From annotation to learners’ corpora

Neven Jovanović, Department of Classical Philology, Faculty of Humanities and Social Sciences, University of Zagreb

Baška, Croatia, June 2017


A presentation for the Linguistic Annotation and Philology Workshop, July 6-7, 2017, Leipzig.


It is usually said that 10,000 hours of practice are needed to achieve mastery in a field. How to do this for historical languages, where contact with teachers is necessarily limited? A possible means of support are computer-generated (and assessed) exercises, which will help the student learn, recognize, and produce words, phrases, parts of sentences or even whole sentences, practicing briefly, but often, and even in situations when they would usually be in "idle speed" (while commuting etc).

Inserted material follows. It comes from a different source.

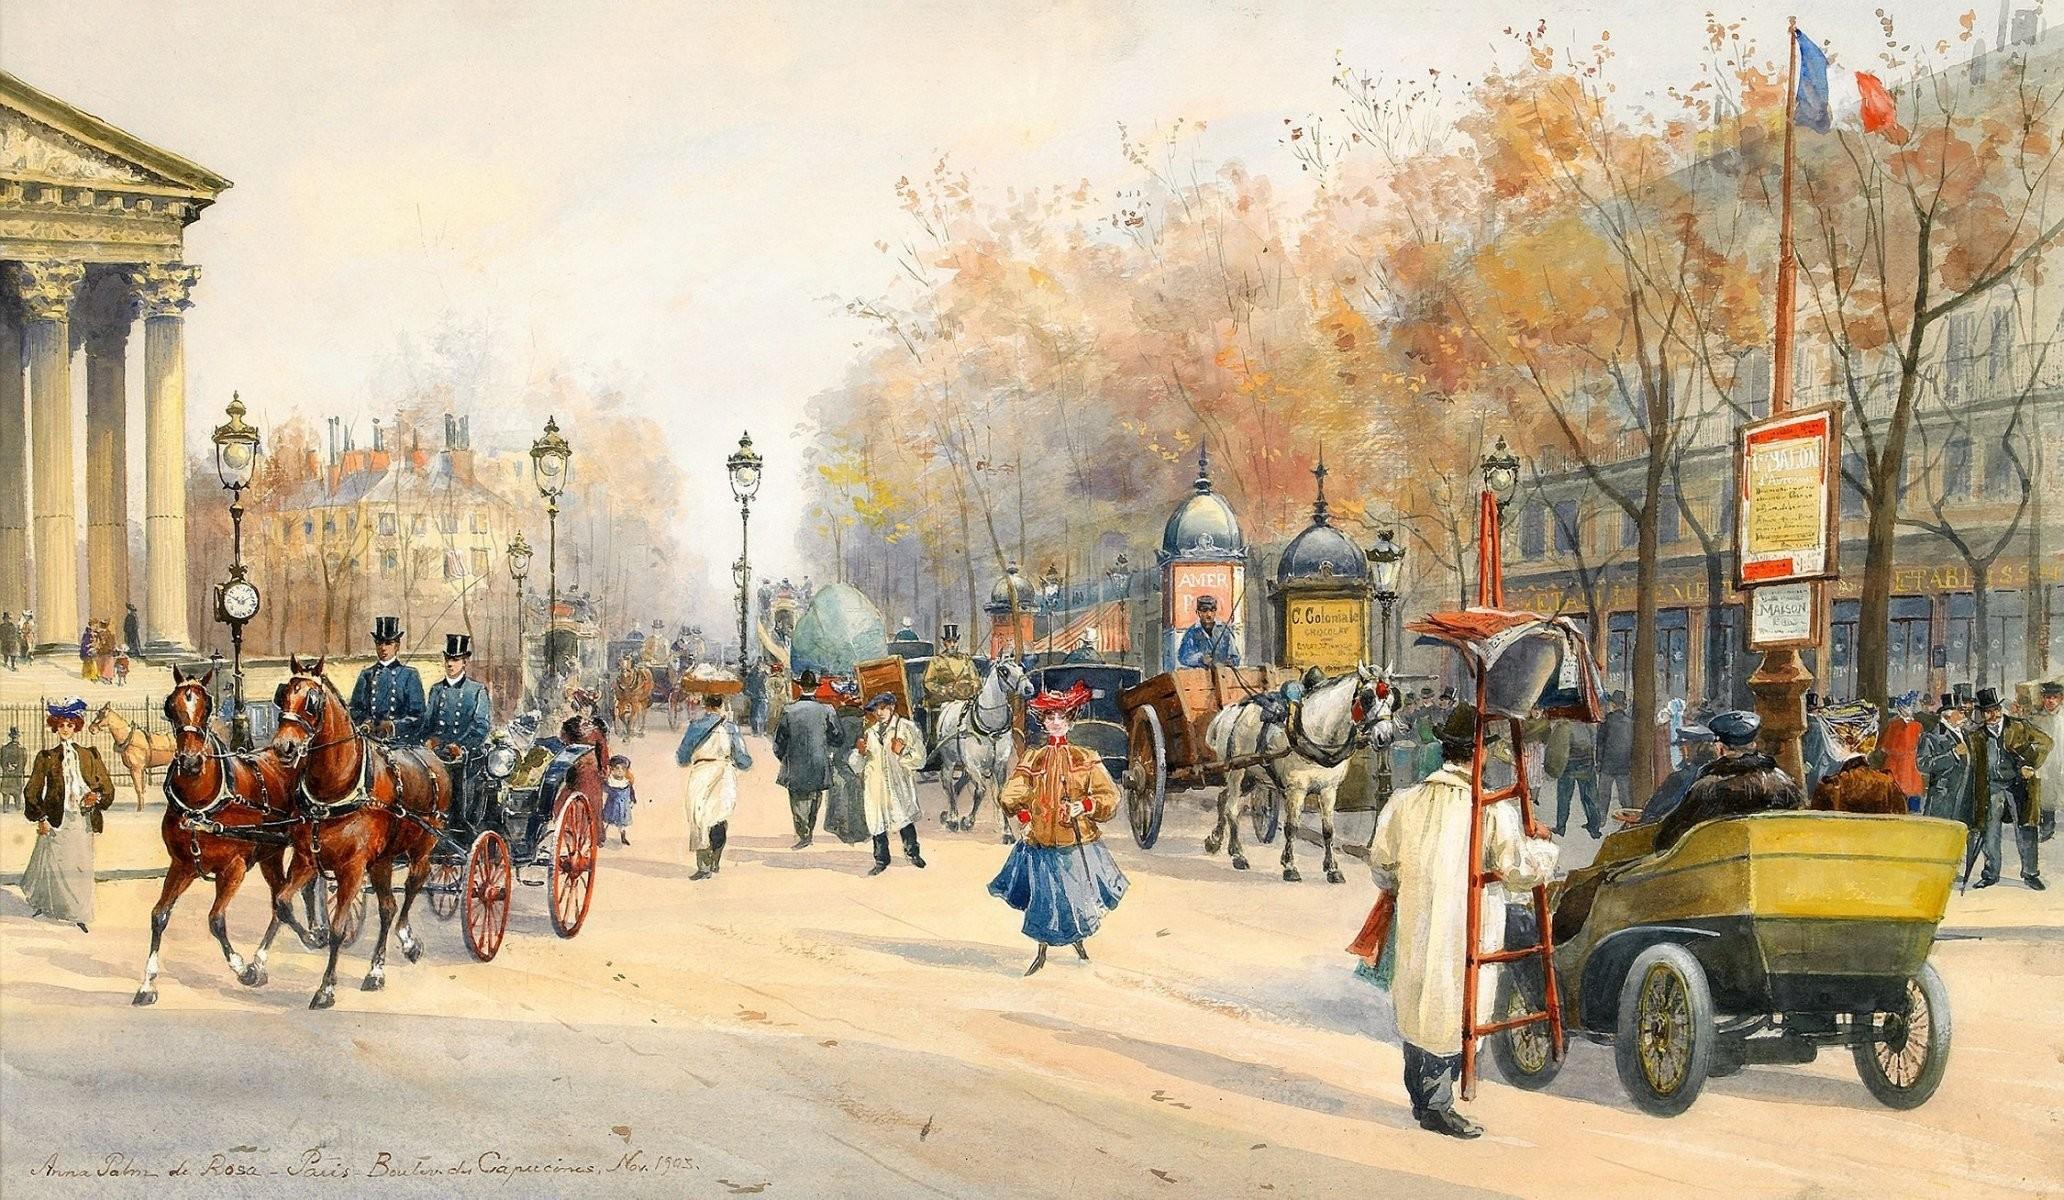 Res: 2064x1200, anna palm de rosa paris boulevard des capucines boulevard wagon windows  lamps watches french flag france

Such exercises are part of standard learning environments, for example Moodle; in these environments, reporting on user activity is also well supported. The exercise modules, however, seem to expect activities to be created primarily "by hand", to be put together by teachers. Treebanks, vocabulary lists, and similar collections of linguistic annotations offer possibility to create a large number of exercises from authentic (not made-up) language automatically, by retrieving necessary linguistic material from the collections and then transforming it into the format required for import into the learning environment (for example, Moodle Questions XML); the task of the teacher is then simply to select a set of questions for an activity. Such re-use of linguistic annotations will be illustrated on the example of existing Greek and Latin treebanks (PROIEL, Perseus DL, Late Latin Charters Treebank) and word frequency lists (Dickinson College Core Vocabulary). It will be shown as well that, by serving as source for exercises, collections of linguistic annotations easily and naturally connect research and teaching.


The slides for the presentation are made with the reveal.js HTML presentation framework.